The suspension of Dr. Alfredo Gonzalez's license left 100 patients
searching for a new physician to fill their prescriptions for
Suboxone, a relatively new treatment for opioid addiction.

The problem is that fewer than a dozen Cape doctors are authorized by
the federal government to prescribe Suboxone, and several of them
already carry the maximum patient loads allowed by the government.

One heroin addict who did not want to give his full name said he and
his wife are struggling to hold their family together while they find
a new doctor.

"We're in active withdrawal here," he said.

He said High Point Treatment Center in Plymouth, where two physicians
prescribe Suboxone, told him they can't accept any more patients.

Julie Lizotte, director of marketing and development for High Point
Treatment Center, said the facility is referring callers to Falmouth
Hospital and Bourne Medical Internists, where Gonzalez worked before
his arrest earlier this month for possession of marijuana.

Gonzalez also had been director of inpatient services at High Point
since February, Lizotte said. He is not practicing medicine currently,
having voluntarily suspended his license, according to the state Board
of Registration in Medicine.

David Reilly, spokesperson for Cape Cod Healthcare Inc., which
employed Gonzalez at Bourne Internal Medicine and is the parent
company of Falmouth Hospital, suggested that patients consult a
government directory of Suboxone prescribers.

"You can always come to the ER for care," he said.

According to the federal Substance Abuse & Mental Health Services
Administration, there are nine physicians on the Cape that prescribe
Suboxone.

But those numbers include Gonzalez and Dr. Oscar Glieberman, a
physician formerly associated with Physicians Medical Center in
Hyannis who is now in New Bedford.

The federal government allows individual physicians to prescribe
Suboxone to up to 100 patients after their first year
prescribing.

Unlike methadone, which is dispensed, not prescribed, only from
federally regulated opioid treatment centers, Suboxone can be
prescribed by physicians in private office settings once the physician
has been trained and received a federal waiver.

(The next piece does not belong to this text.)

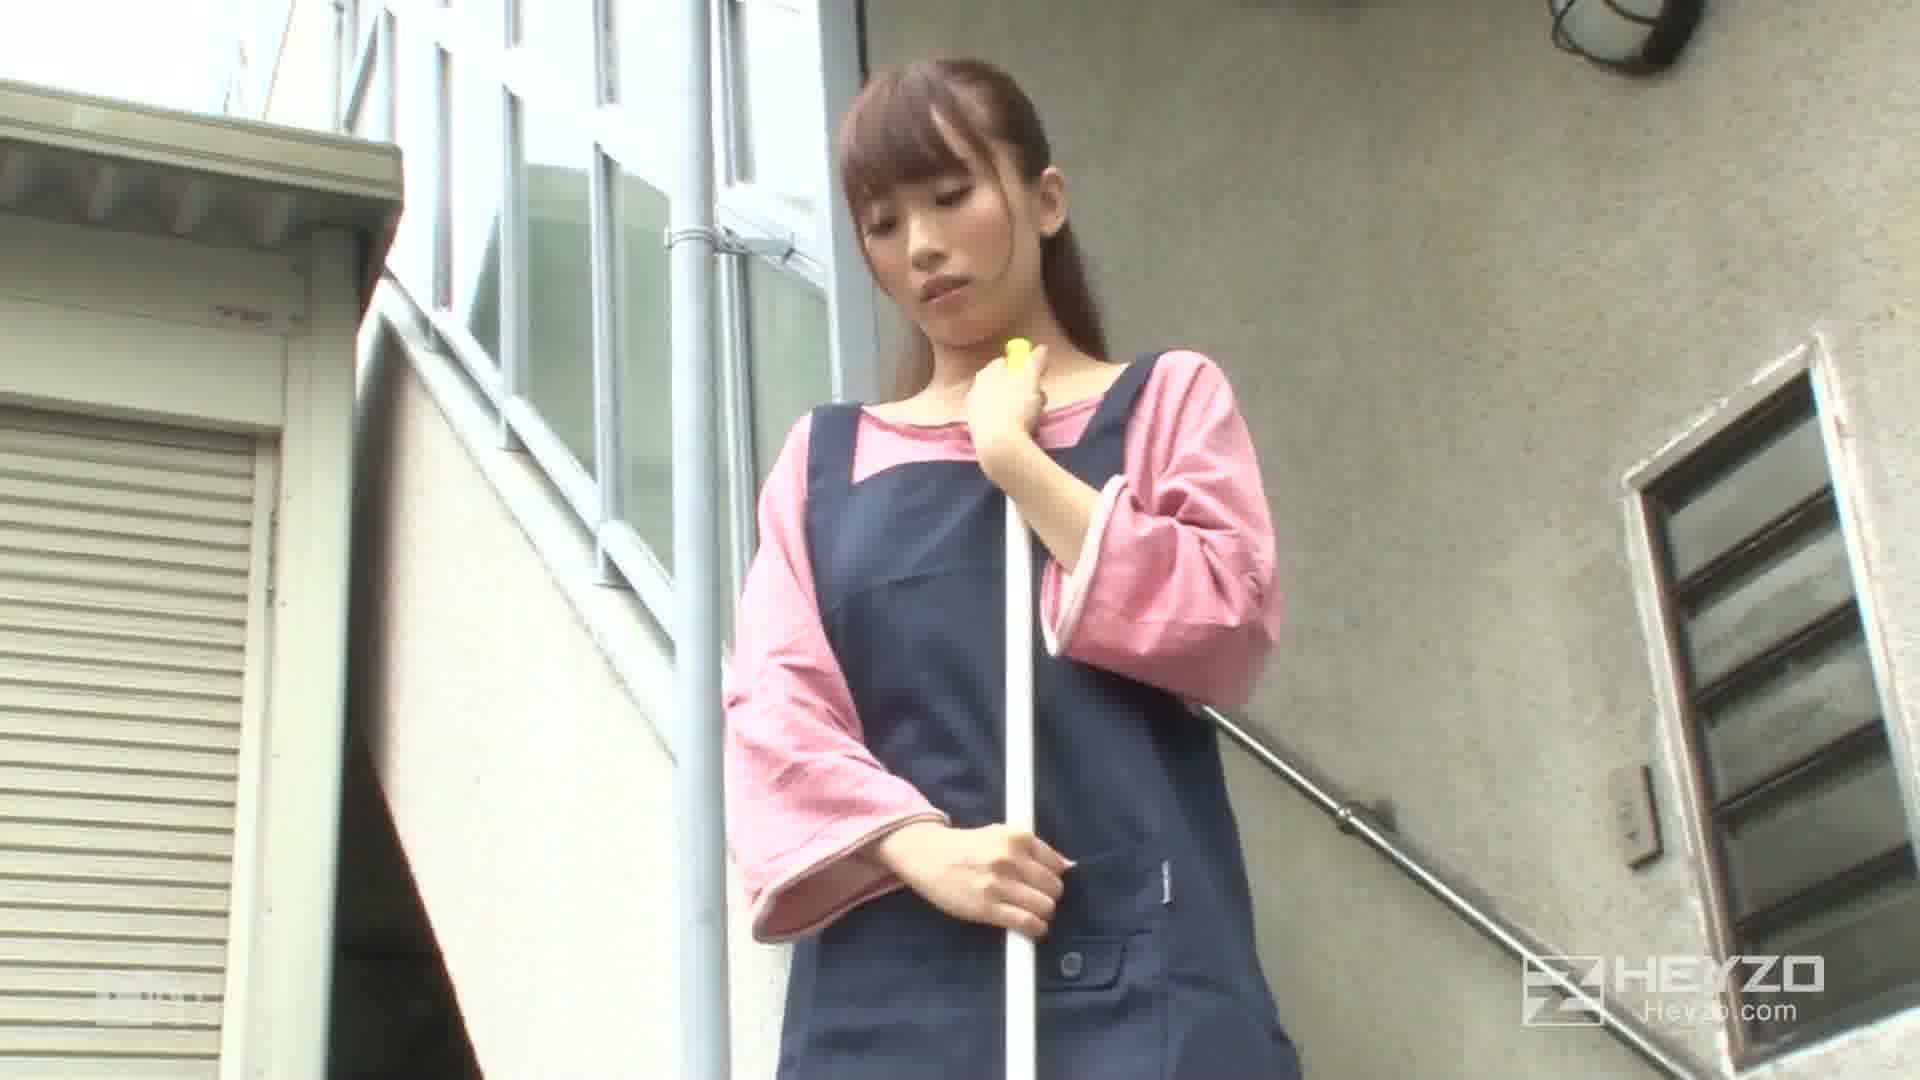 憧れの管理人は、欲しがり未亡人!~暴走するエクスタシー~ - 美咲結衣【フェラ抜き】

"The beauty of it is you can take it home," said Dr. Lisa
Zandonella-Huchta of the Duffy Health Center in Hyannis, which runs a
Suboxone program for impoverished people at-risk of
homelessness.

Suboxone is dissolved under the tongue and poses far less of an
overdose risk than methadone, experts say.

Approved by the Federal Drug Administration as a tool for opioid
dependency in October 2002, buprenorphine -- the active ingredient in
Suboxone -- gave the family doctor the tools to fight heroin and other
addictions, Zandonella-Huchta said.

But part of what makes the treatment so appealing -- patients go to a
regular physician instead of a special clinic to obtain the medication
- -- also poses a risk if their doctor leaves the area, or -- as in the
case of Gonzalez -- loses his license.

"People will have withdrawal," said Zandonella-Huchta. The major
symptoms are fatigue and trouble sleeping.

Going off Suboxone cold turkey "is not a good way to stop the
medication," Zandonella-Huchta said.